When I see and hear exploding news stories, like that summer with the heat wave, and when it makes me get worried about things, I make myself remember something I learned in the sixth grade. We were studying the solar system and we learned about how the earth began 4.5 billion years ago and how the sun will die in about the same amount of time. It’s so easy to think that we are important and that the things that happen to us are important. But the truth is, we are so small, so insignificant in the scope of even just our solar system, which is itself meaningless in the scope of the Universe. The truth is, nothing really matters unless we decide it matters. We could set off every nuclear bomb we’ve ever made and kill all life on the planet, and the Universe would just shrug and yawn because within the next five billion years while the sun is still shining, some kind of new life would come and we would be talked about by them the way we talk about dinosaurs.

After my escape, I could have taken that train anywhere in the world. Or at least anywhere that train was stopping all the way down to Florida. I could have stayed gone forever. My father was sad, but it was three years old, his sadness, and it had become more of a scar than an open wound. The same was true for Witt. He’d gone to law school and gotten married. I’m sure he missed me, but his life had filled in whatever hole my leaving had caused, like when you make footprints in the sand and then the water comes in bringing more sand and more sand until they disappear.
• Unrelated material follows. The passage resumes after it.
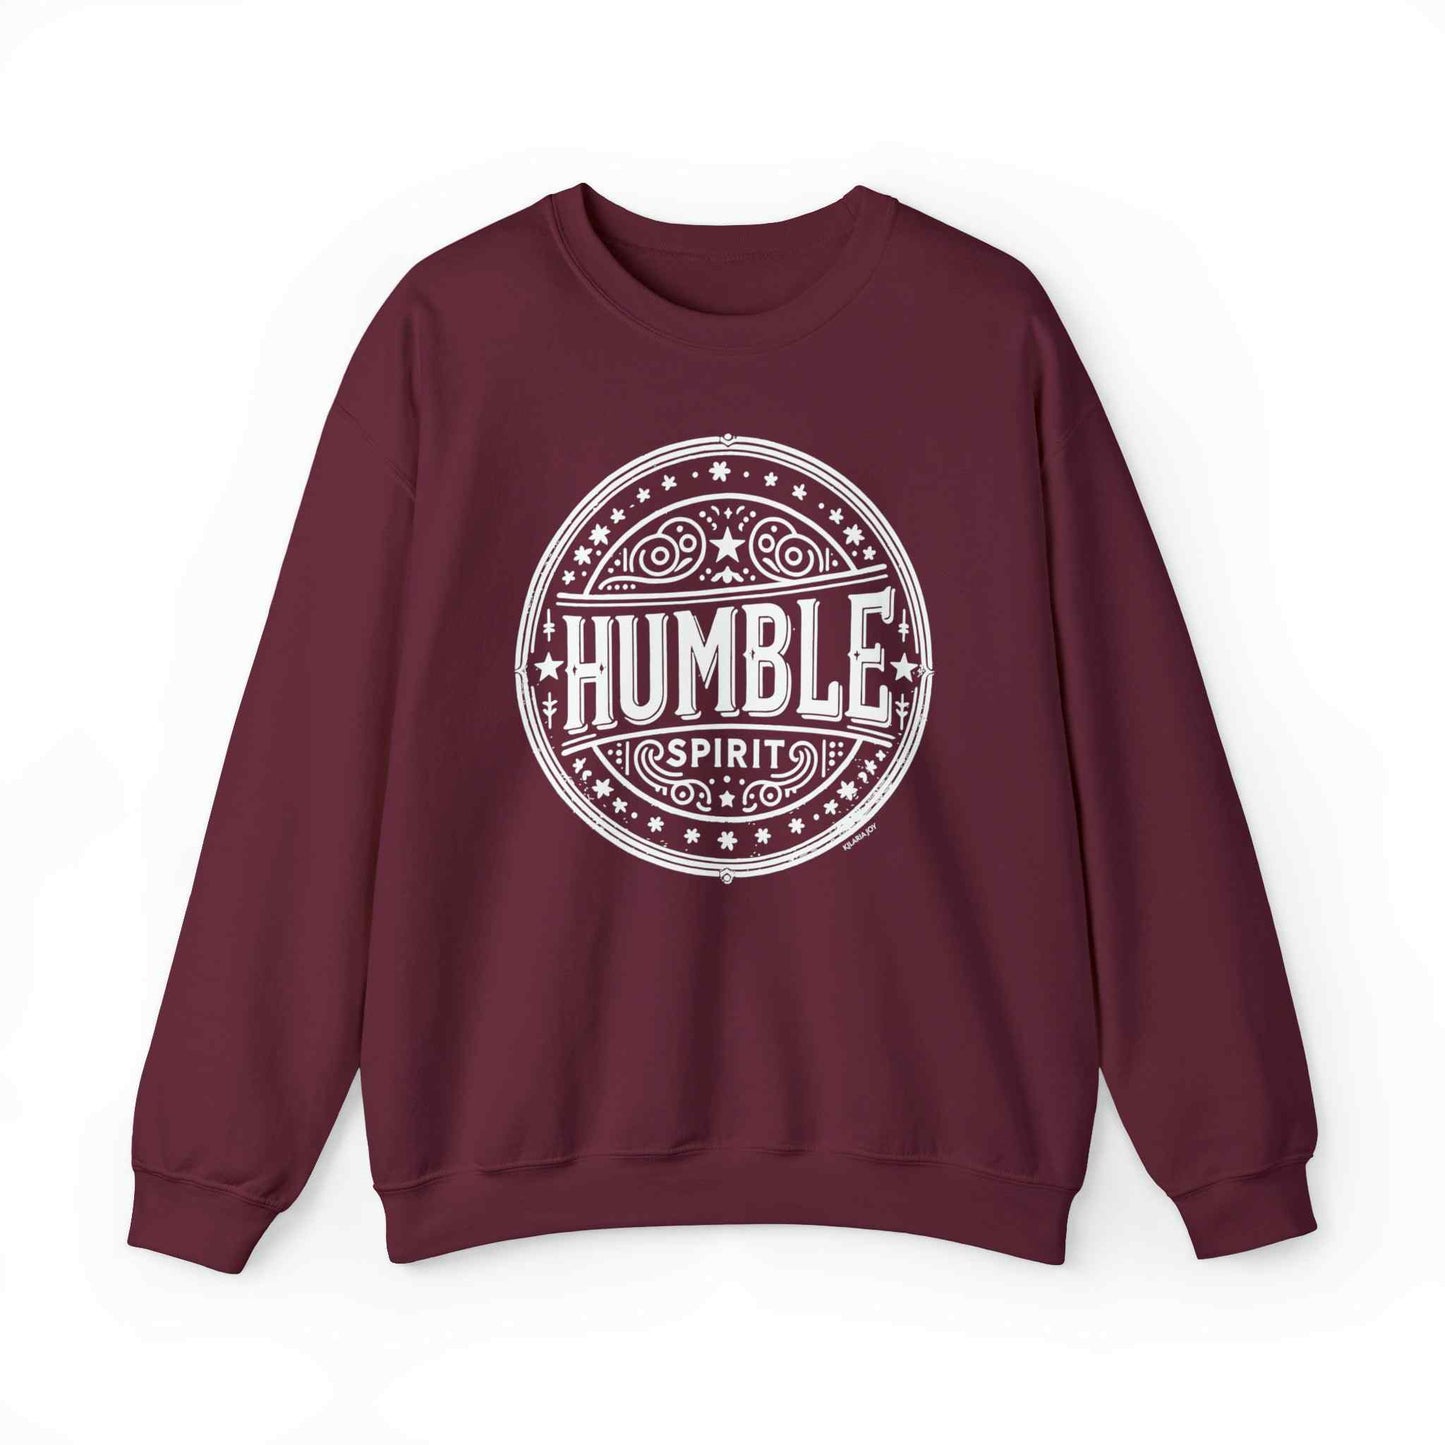 Humble Spirit Women's Classic Fit Sweatshirt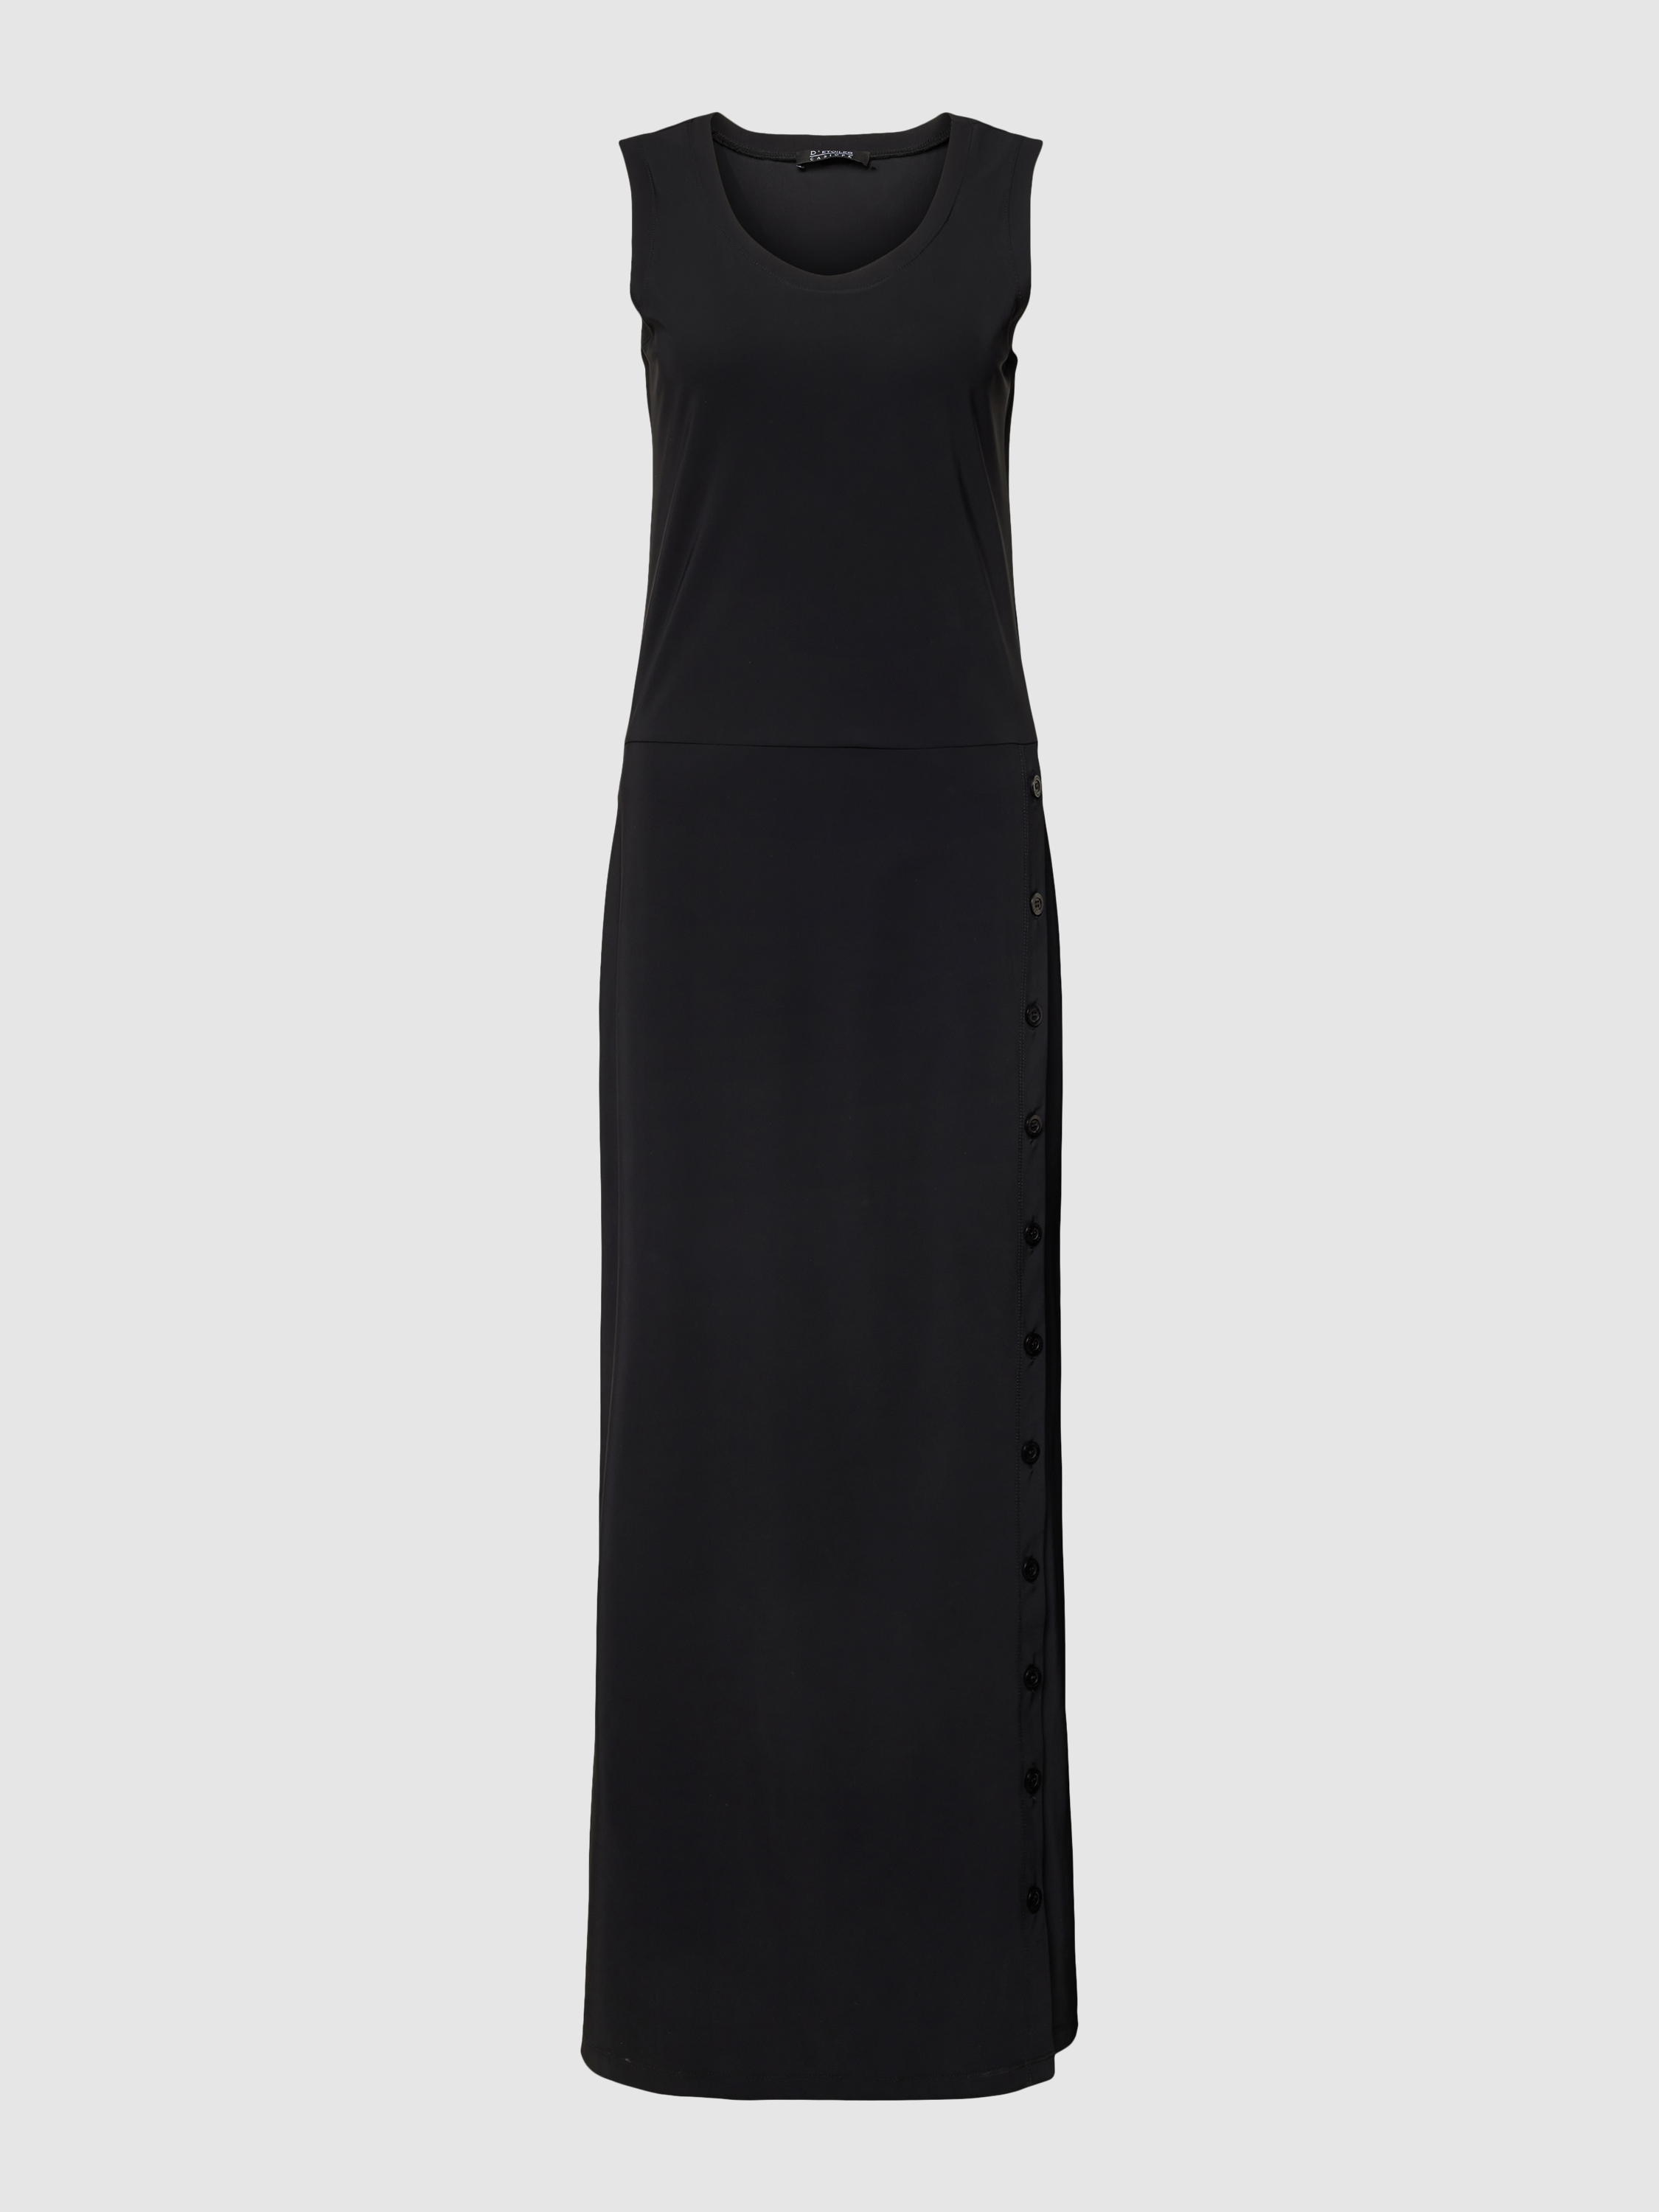 Платье женское D?Etoiles Casiope 1831749 черное XS (доставка из-за рубежа)

It was not necessary that I come home. It was not necessary that I find Emma. It caused a lot of upheaval to everyone, including myself, and in the scope of the Universe, it was irrelevant and unimportant. But in my years on the island, I made a theory for myself about the meaning of life. I decided that life would be about choosing things to make important even though they are not, and cannot ever be. I took this theory and I started to make a list of the things I would choose to be important and that I would honor. I decided that I would measure myself against my list and whether I had been true to that list of important things.

Finding Emma was on that list.

The summer before we disappeared, Emma had left for Paris in early June. I did not leave for my program in England until two weeks later. I had not been alone in the house with Hunter, Mr. Martin and my mother before. Not ever. I always went to my father’s house when Emma was away.

The truth is, I could have gone to my father’s house. My father wanted me to stay with him, and with the war going on at the Martins’ house, I was like a bird on the battlefield. I knew I would be fine if I just flew off when the soldiers returned. I also knew that no one sees a bird on the battlefield when they’re always on the lookout for the enemy soldiers. It was hard to be that bird that no one saw and that would be crushed if it didn’t fly away when the fighting began again.

I was fifteen that July. But that is no excuse. I felt invisible and powerless in my family and in my life. But that is no excuse. There is no excuse for what I did that July.

The idea came to me one night at dinner. Mrs. Martin had wanted to go to the club, so we all got dressed up and went—me, Hunter, Mrs. Martin and Mr. Martin and Hunter’s girlfriend. Hunter was still being annoyingly flirtatious with my mother, so she wore a sexy dress and put on extra makeup. I saw Hunter’s eyes run up and down her when he knew his father was looking at him. He was relentless in his efforts to keep them estranged until Emma got back from France. It was part of his plan to destroy her. Or maybe to win her back. To this day, I don’t know which it was, with love always turning to hate, hate turning back to love.

I got dressed in Emma’s room. I wore one of Emma’s dresses and I used her special flat iron and I put on her makeup. I knew what I was trying to do. None of this was subconscious. I did not want to be invisible and powerless anymore.

Hunter’s girlfriend was very talkative at dinner and she was also very nice to me, which was almost as annoying as my mother and Hunter’s flirting.

Nothing really happened at that dinner, except for one small look. Emma had talked to me about how you know if someone likes you and how you can tell someone you like them, and I had trouble believing her because I had never done it or had it done to me.